In the last post, I described some methodology for detecting streaky and consistent team performance. One observes a team’s wins and losses (L) — for example the 1968 Mets had a 73-89 record and we observe the sequence of wins and losses during the season. There are three scenarios:
- The sequence of 73 Wins and 89 Losses is random in the sense that the streaky and slump patterns resemble those when the 73 Wins are assigned randomly throughout the 162 games.
- The sequence of wins and losses is streaky if there is more streaky and slump patterns that one would expect under randomness.
- The sequence of W’s and L’s is consistent if there is less streaky and slump patterns than one would anticipate under randomness
We use a streaky measure which is the sum of squares of the gaps (number of losses) between consecutive wins. Then we use a permutation test and the associated p-value to classify the team-season as random, streaky, or consistent. Small p-values correspond to streakiness and large p-values correspond to consistency.

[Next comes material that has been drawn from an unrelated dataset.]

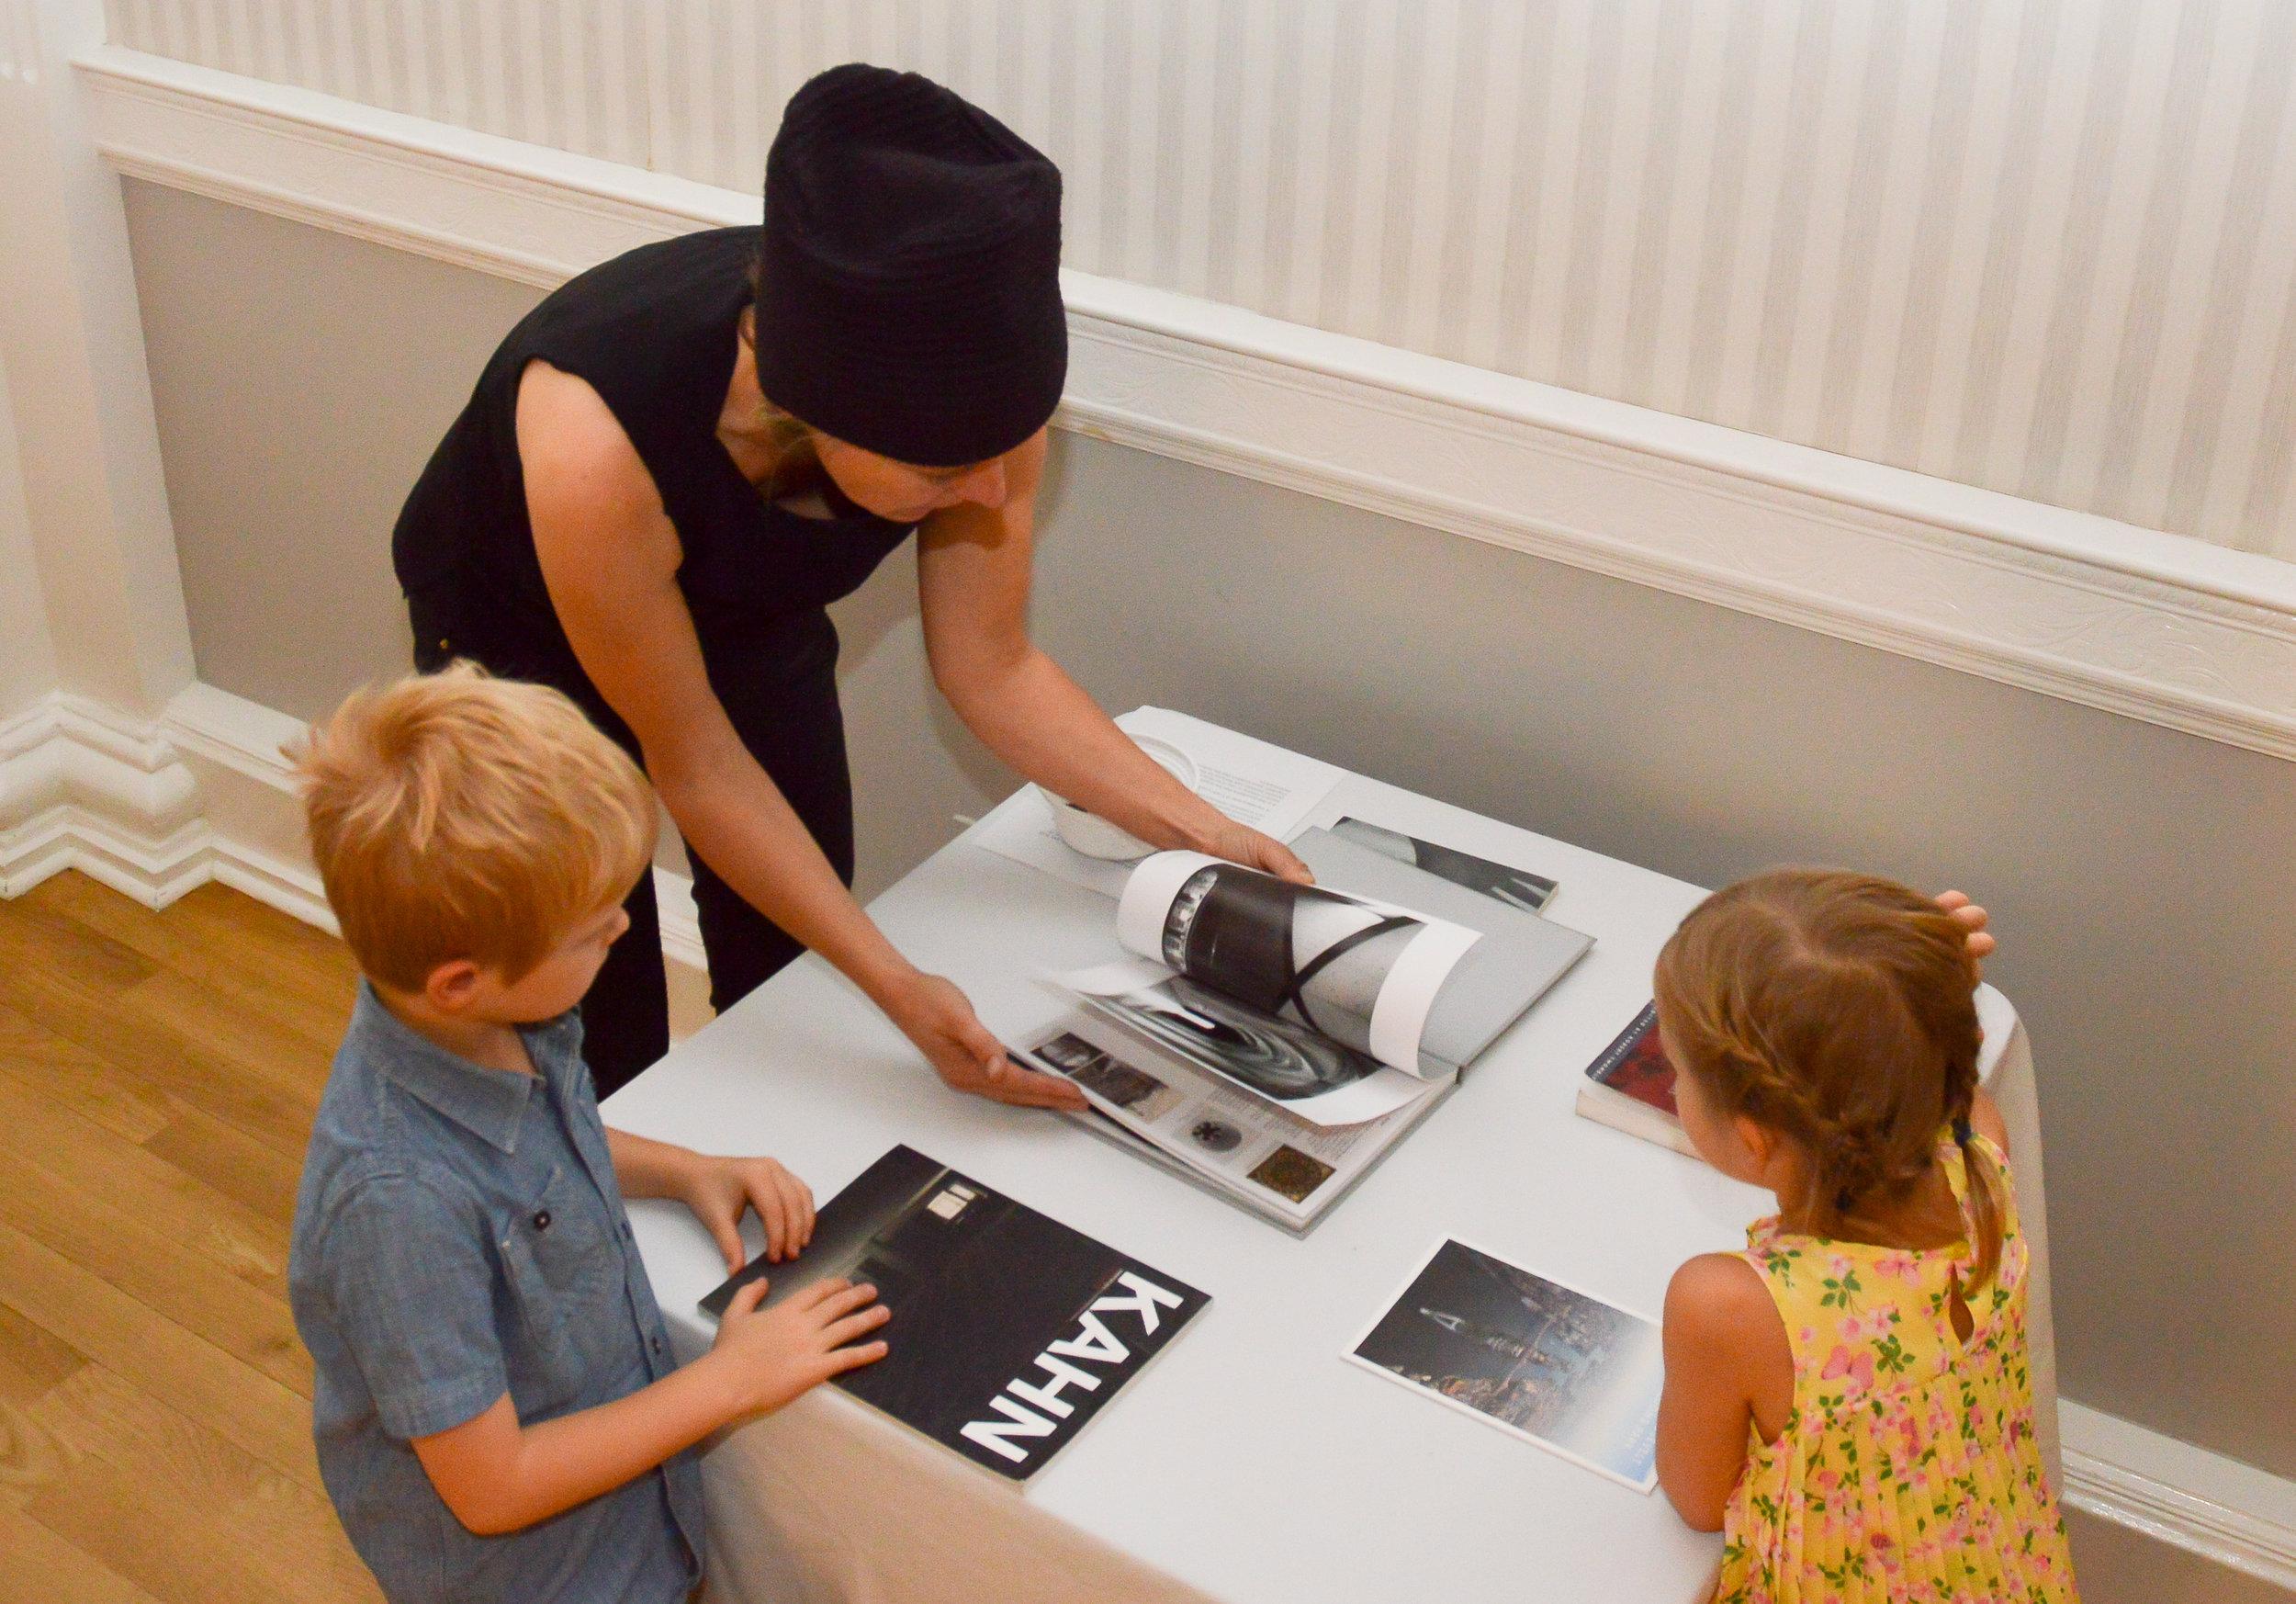 Artist Jaanika Peerna exploring book about Louis Kahn

To explore team streakiness, I looked at all of the W/L sequences for all teams from the 1967 through 2016 seasons. Let me describe the process:
- Using the Retrosheet game logs, I obtained the W/L sequence for a particular team.
- I used functions in my BayesTestStreak package to find the gaps between consecutive wins and implement the permutation test.
- For each team and each season, I collected the winning proportion and the p-value which indicates the streaky patterns in the sequence.
Several questions to address:
- What is the overall distribution of streakiness of baseball teams?
- Who were unusually streaky and consistent teams?
- Is there any relationship between a team’s winning fraction and their streakiness? For example, are great teams more or less likely to be consistent?
Overall distribution of streakiness
First I constructed a histogram of the p-values for all team-seasons. (There were 1358 team-seasons in my 50-year study.) To understand this graph, note that if we were just observing W/L patterns observed by flipping coins, then I’d expect these p-values to be uniformly distributed on (0, 1). But it seems that small p-values tend to be more likely, indicating a tendency for a team to be streaky rather than random or consistent.
One can rank the teams by the value of the p-value. The streakiest 10 teams, using this measure are shown below. It is interesting that great teams (like the 1977 Red Sox) or poor teams (like the 2011 Mariners) both can be very streaky.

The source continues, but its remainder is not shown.